Closed sapols closed 5 years ago
Hi @sapols
Taking a look at this now.
I suspect that it's a bug with how duplicate points are handled.
Thanks, MDB
Thank you for responding so quickly, MDB. Let me know if I can provide any more info or help in any way.
Ok. I believe I've found the reason the bug is being triggered.
It's happening when you try to insert a point that is a near-duplicate, but doesn't meet the tolerance criteria for a duplicate in at least one dimension. So, the point that it failed on for me was:
array([24.11841722, 24.11841722, 24.11841722, 24.11841722, 24.11841722,
24.11841722, 24.11841722, 24.11841722, 24.11841722, 24.11841722,
24.11841722, 24.11841722, 24.11841722, 24.11841722, 24.11841722,
24.11841722, 24.11841722, 24.09805235])
The difference between this point and the nearest duplicate was:
array([ 0. , 0. , 0. , 0. , 0. ,
0. , 0. , 0. , 0. , 0. ,
0. , 0. , 0. , 0. , 0. ,
0. , 0. , -0.02036487])
So it wasn't identified as a duplicate, but was possibly too close to the nearest point to successfully find a cut. I will have to look into why the algorithm wasn't able to find a cut. Another issue is that it was trying to be inserted into a single-point tree (all duplicates), which might be triggering some kind of edge case.

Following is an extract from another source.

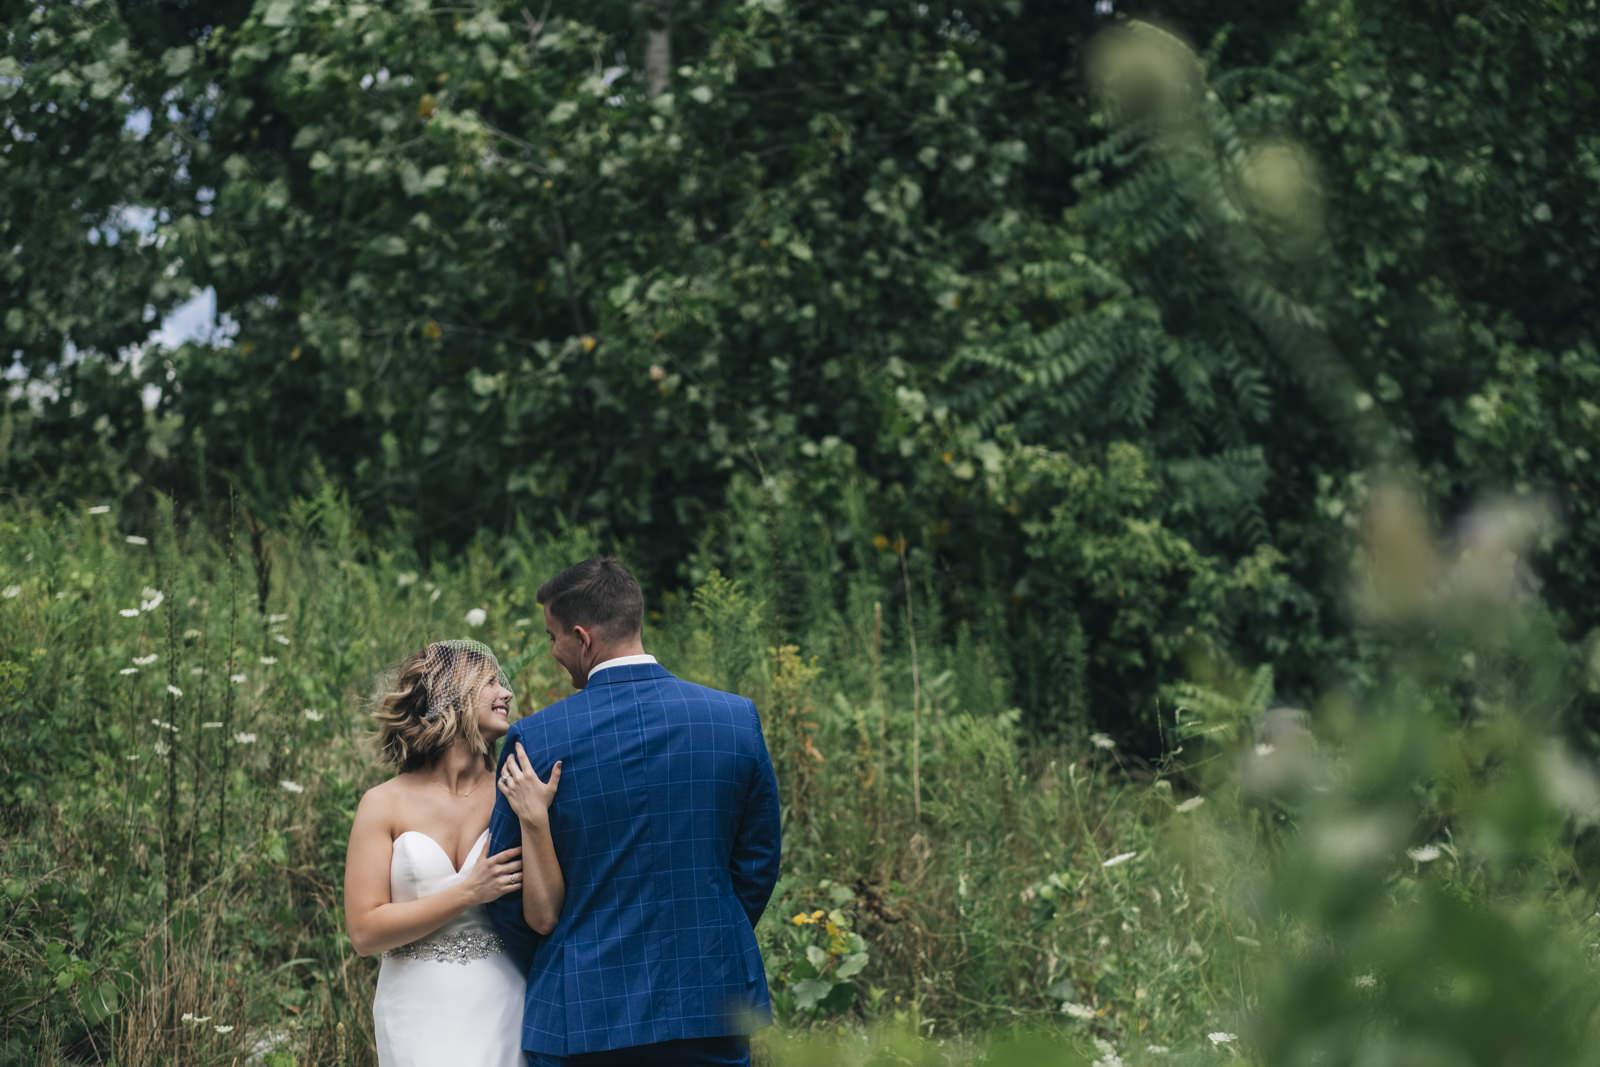 Bride and groom portrait session at Harroun Park in Sylvania, Ohio.

Edit: I also just realized that the leaf depth is -1 for all the duplicate leaves, which suggests that this attribute was decremented incorrectly.

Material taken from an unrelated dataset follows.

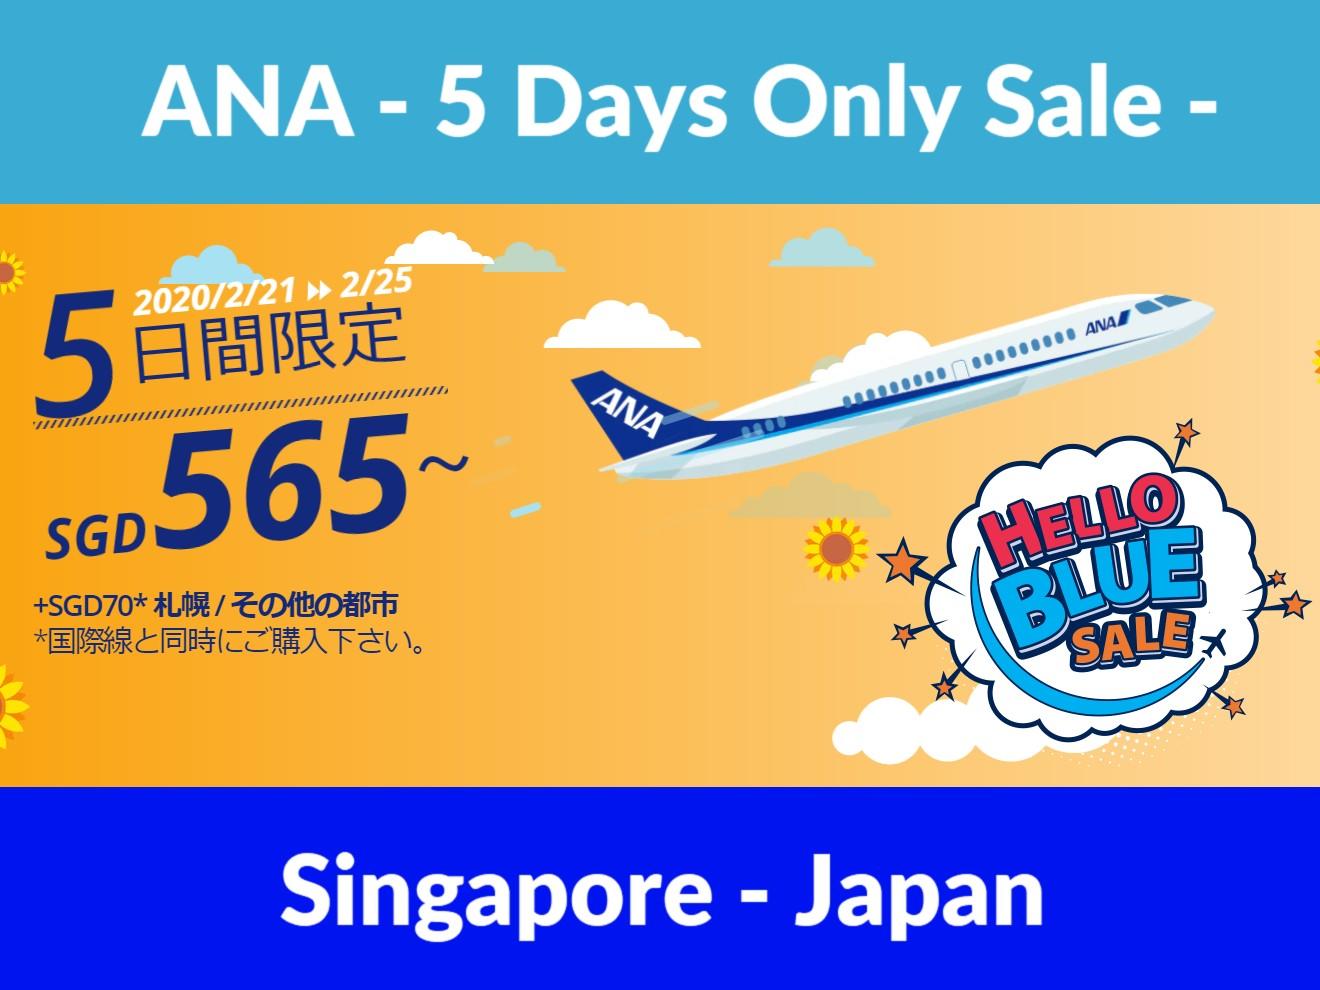 ANA 5 Days Only Sale

Edit 2: The error seems to occur shortly after the first time the first negative depth is encountered, so I believe this is the main problem. Still trying to figure out what causes this to happen. Sometimes it can take 700,000+ insertions for it to occur.
I think I may have found the issue. In forget_point
:
# If parent is the root...
if parent is self.root:
# Delete parent
del parent
# Set sibling as new root
sibling.u = None
if isinstance(sibling, Leaf):
sibling.d = 0
self.root = sibling
# Update depths
self.map_leaves(sibling, op=self._increment_depth, inc=-1)
return self.leaves.pop(index)
Should be something like:
# If parent is the root...
if parent is self.root:
# Delete parent
del parent
# Set sibling as new root
sibling.u = None
self.root = sibling
# Update depths
if isinstance(sibling, Leaf):
sibling.d = 0
else:
self.map_leaves(sibling, op=self._increment_depth, inc=-1)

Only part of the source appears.